I am working with voxel volumes which are addressed using spherical coordinates. That is, I operate on voxel elements $V(r, \theta, \phi)$ where $r$ is range, $\theta$ is the azimuth, and $\phi$ is the inclination. I am however running into issues with the fact that the angular ranges wrap around.
To make the problem a bit easier to follow, let's look at only the azimuth. The azimuth $\theta$ is defined to lie on the interval $\theta \in [-\pi, \pi]$ and wraps around such that $\theta + 2\pi = \theta$. I now want to map any azimuth value to a voxel index, which is the same as gridding the data.
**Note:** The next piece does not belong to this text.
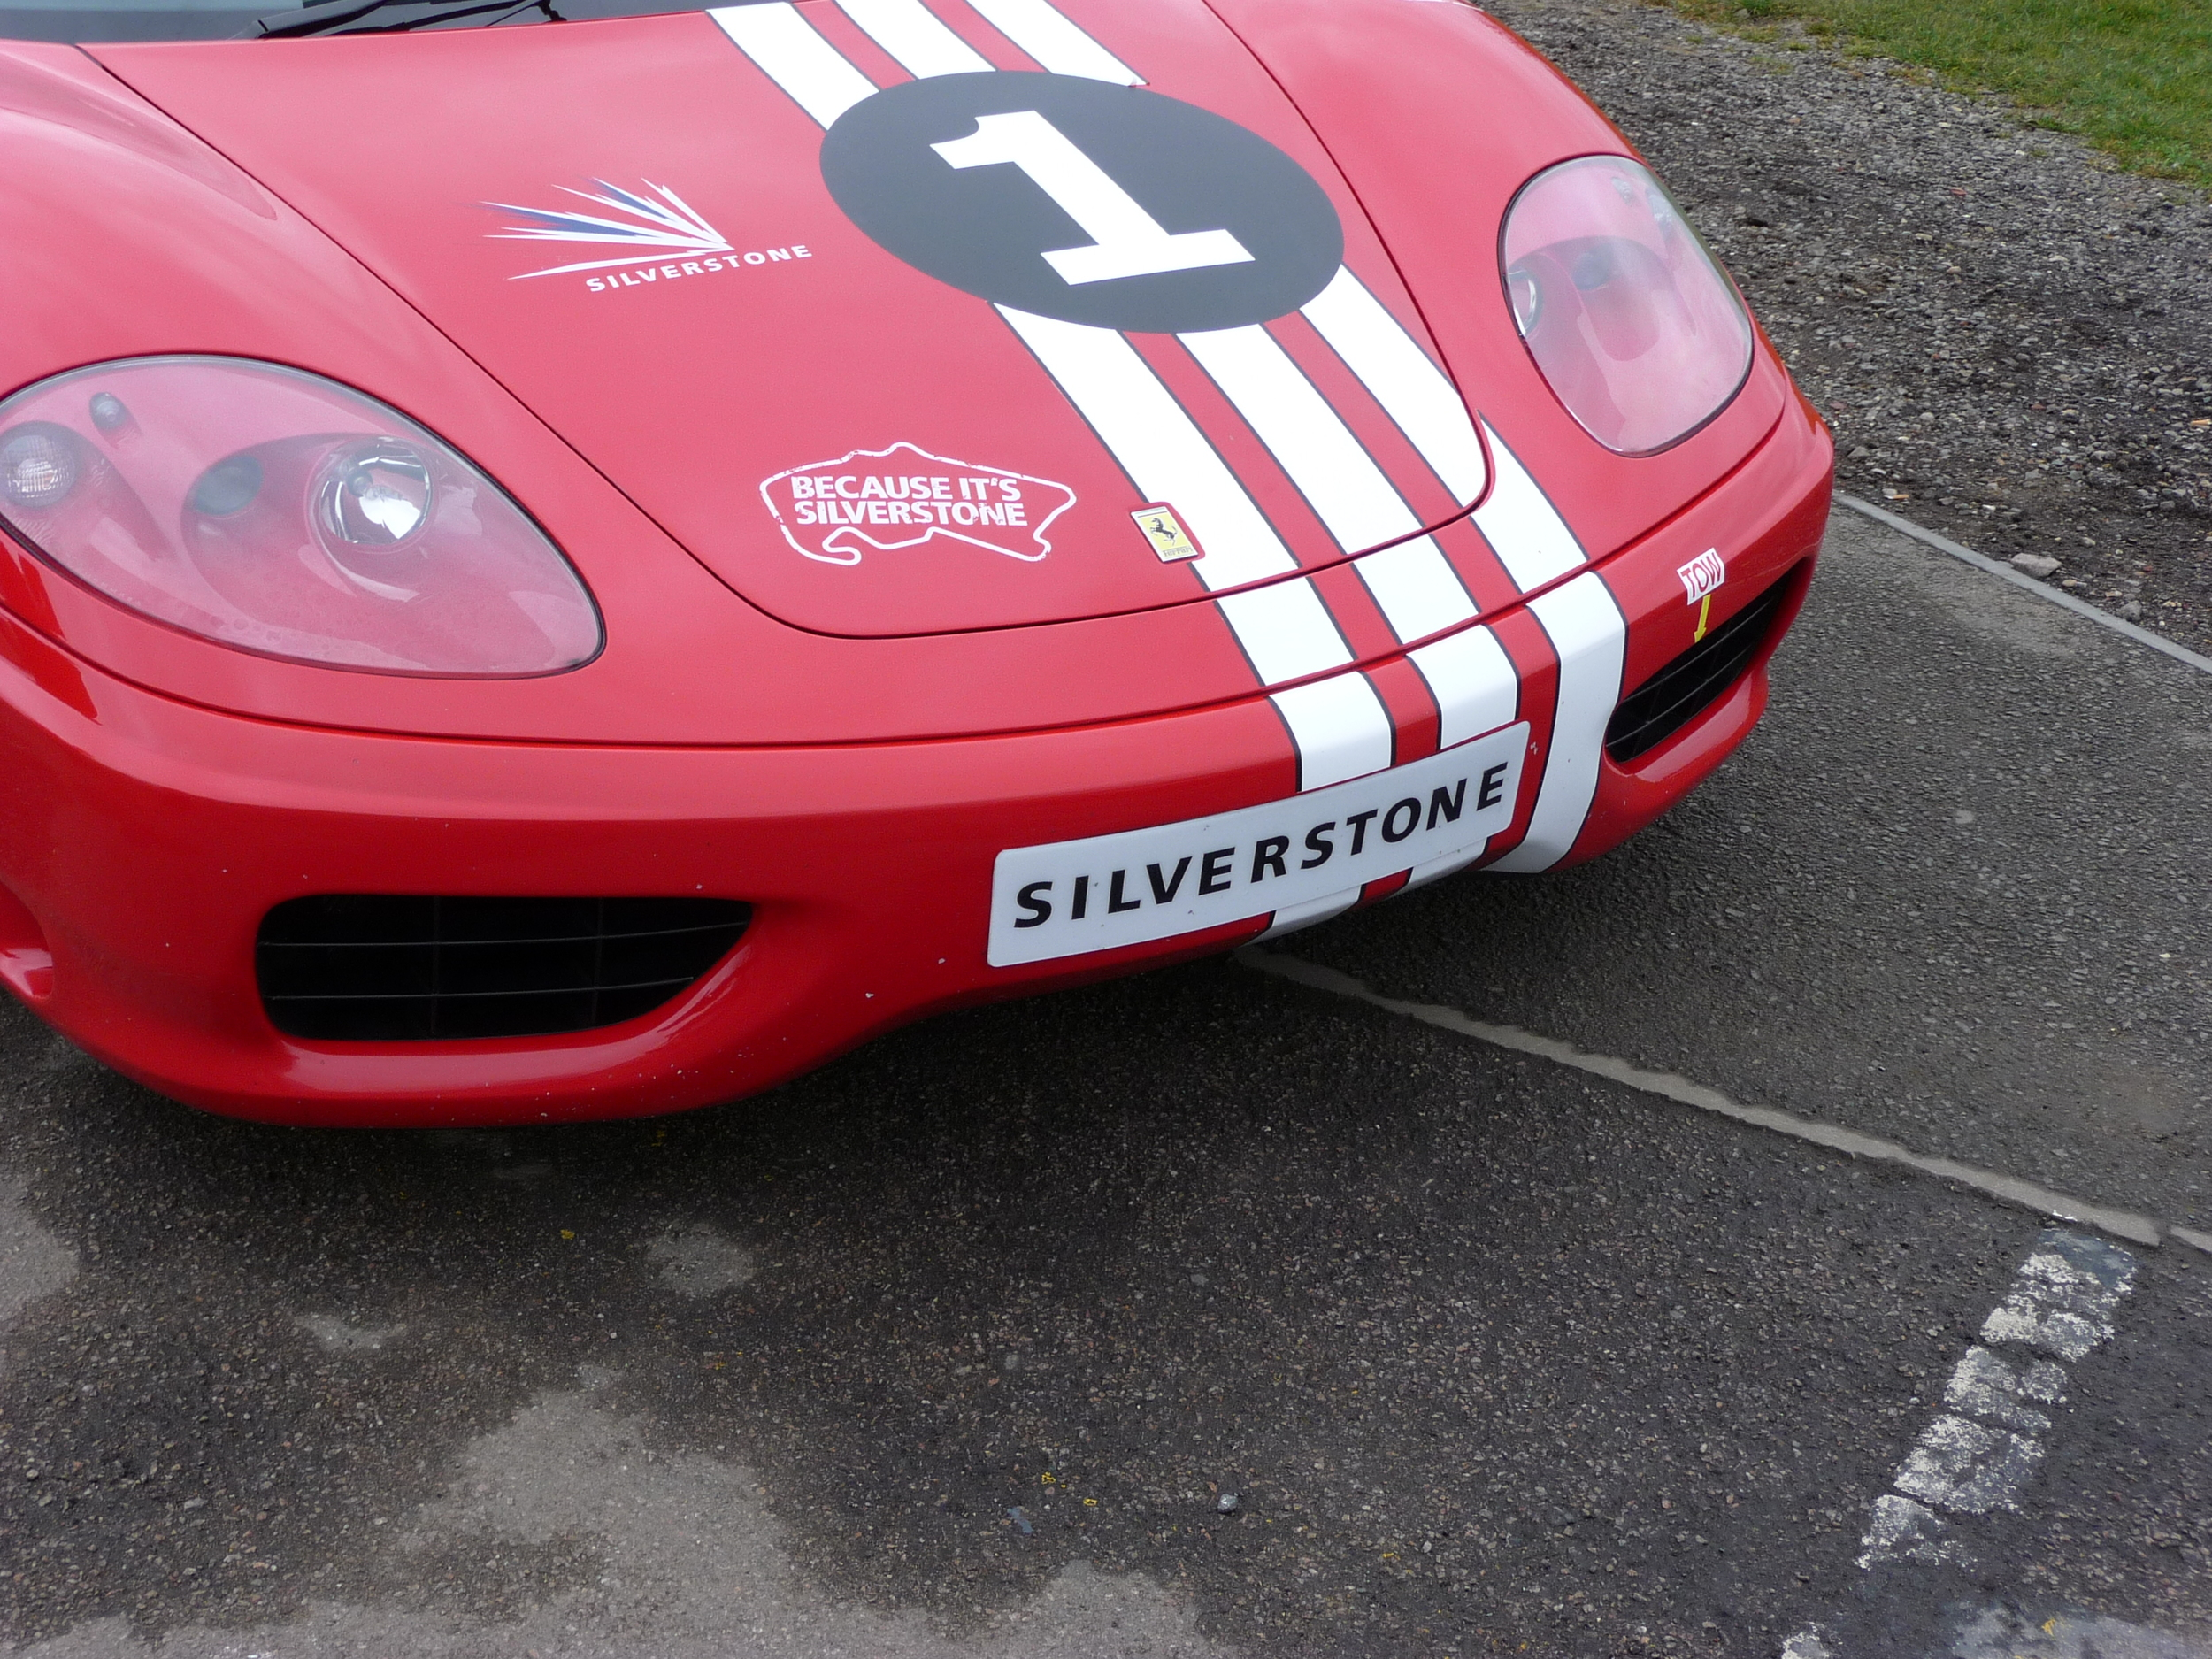 Silverstone's number 1 Ferrari 360 Modena

My current implementation is to simply map this as
$$ i(\theta) = v_n \cdot \left\lfloor \frac{\theta - \theta_0}{v_s} \right\rfloor $$
where $v_n$ is the number of voxels (grid points), $\theta_0$ is the origin such that $i(\theta_0) = 0$, and $v_s$ is the voxel scale (grid size).
This works, but gives a lot of empty voxels in case the data is defined near $\pm \pi$. For example, if my data range is $\theta \in [-\pi, -\pi + a] \cup [\pi-b, \pi]$ (the same as $[\pi - a, \pi + b]$ before wrapping) then the angular range is $a + b$, but I would have to have voxels created for the entire $2 \pi$ range.
So my question is how do I best define the mapping between an azimuth angle and its corresponding voxel index?, with the constraints that
- I use as few voxels as possible for the data
- The mapping is invertible so that I can get the spherical coordinate of the voxel center, given its index ($\theta_c(i) = \ldots$)
My only attempt so far is to detect whether the data is best represented by an azimuth range of $[-\pi, \pi]$ or $[0, 2\pi]$, and use two different mappings. But this seems error prone and inelegant.